Users might end up serializing this to JSON:

{
    "x": 1
}

Later, you decide to add a new field y:

@dataclass
class DataSchema:
    x: int
    x_str: str

Now, users can no longer load the old data, because the schema has changed. You need to define how to update the old data to the new schema. upandup provides a way to do this.

import upandup as upup

update = lambda cls_start, cls_end, obj_start: cls_end(x=obj_start.x, x_str="the value is: %d" % obj_start.x)

# Register the update
upup.register_updates("DataSchema", DataSchemaV1, DataSchema, fn_update=update)

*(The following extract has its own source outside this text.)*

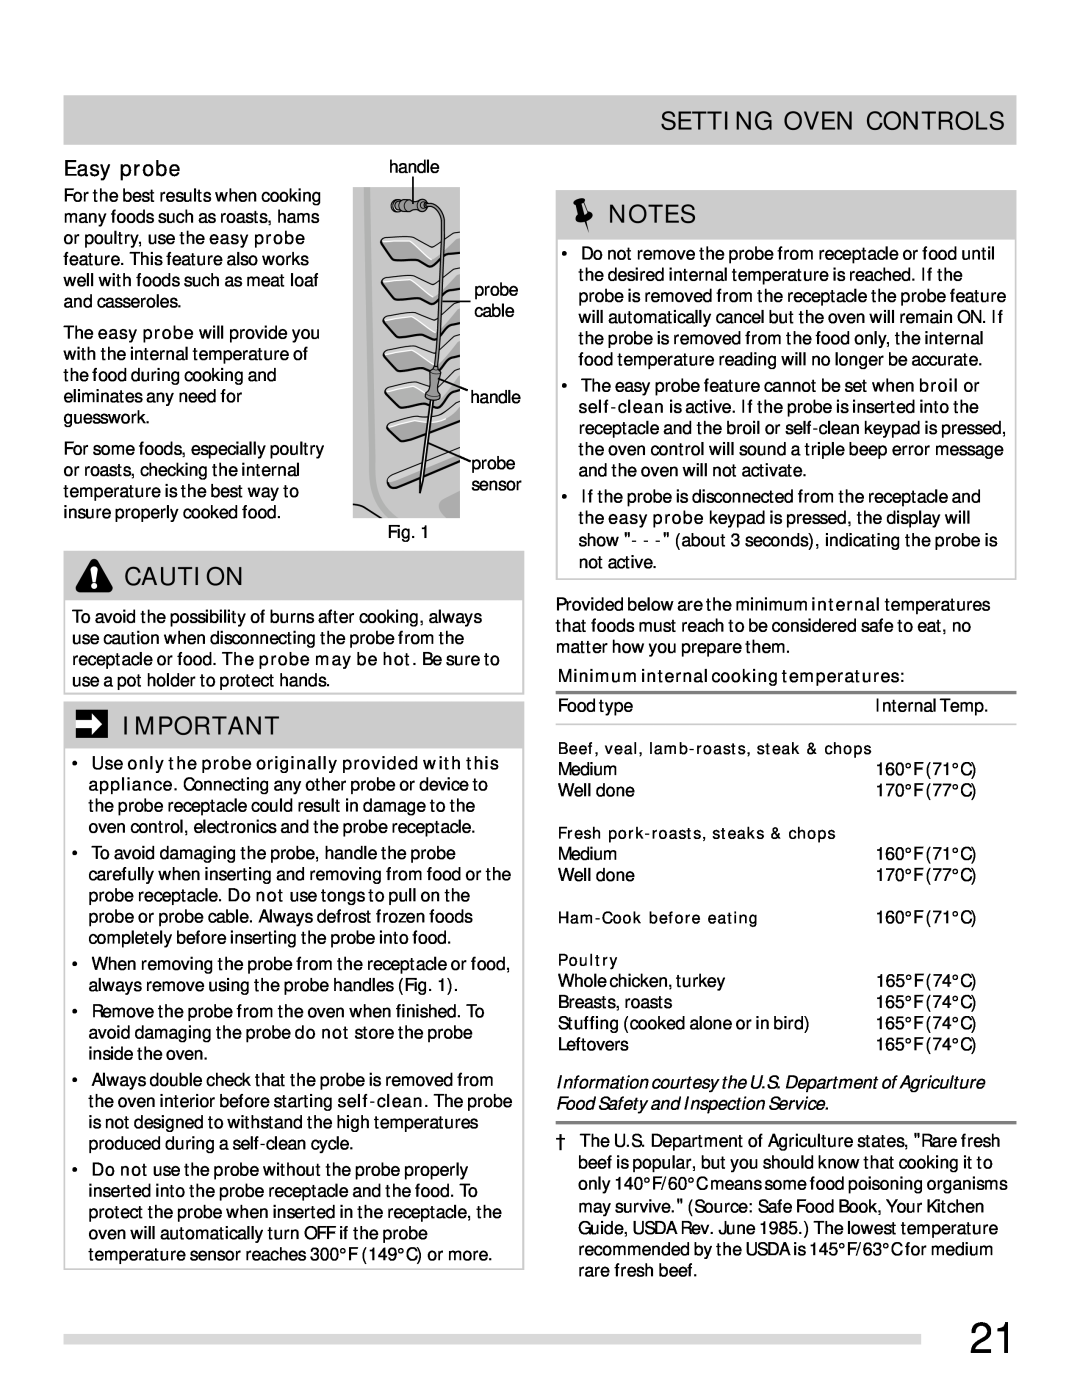 Frigidaire 316902315 important safety instructions Setting Oven Controls Notes, Easy probe

In the end, upandup exposes a load method that users can call to load the latest version of the schema from old data every time.

data = { x: 1 }
obj = upup.load("DataSchema", data)
print(obj.x_str) # the value is: 1

This load method can also be exposed as an anonymous function such as:

# In your package:
load_data_schema = upup.make_load_fn("DataSchema")

# In scripts using your package
data = { x: 1 }
obj = load_data_schema(data)

Serialization formats supported

  • Dictionary - define to_dict and from_dict methods on your dataclasses.
  • JSON - define to_json and from_json methods on your dataclasses.
  • YAML - define to_yaml and from_yaml methods on your dataclasses.
  • TOML - define to_toml and from_toml methods on your dataclasses.

Example

First, define some dataclasses. Let's say you have a DataSchema dataclass, which is the latest version, but also 2 older versions called DataSchemaV1 and DataSchemaV2. These classes have to_json and from_json methods defined via the mashumaro package by inheriting from DataClassDictMixin (they could also be defined manually).

from dataclasses import dataclass
from mashumaro import DataClassDictMixin

@dataclass
class DataSchemaV1(DataClassDictMixin):
    x: int

@dataclass
class DataSchemaV2(DataClassDictMixin):
    x: int
    y: int
    z: int = 0

@dataclass
class DataSchema(DataClassDictMixin):
    x: int
    name: str

Here, the first version DataSchemaV1 has only one field x, and the second version DataSchemaV2 has 3 fields x, y, and z. The field y has no default, so we will have to define how to update it. The field z already has a default in the definition. In the final version, the fields y and z have been removed again, and a new field name has been added.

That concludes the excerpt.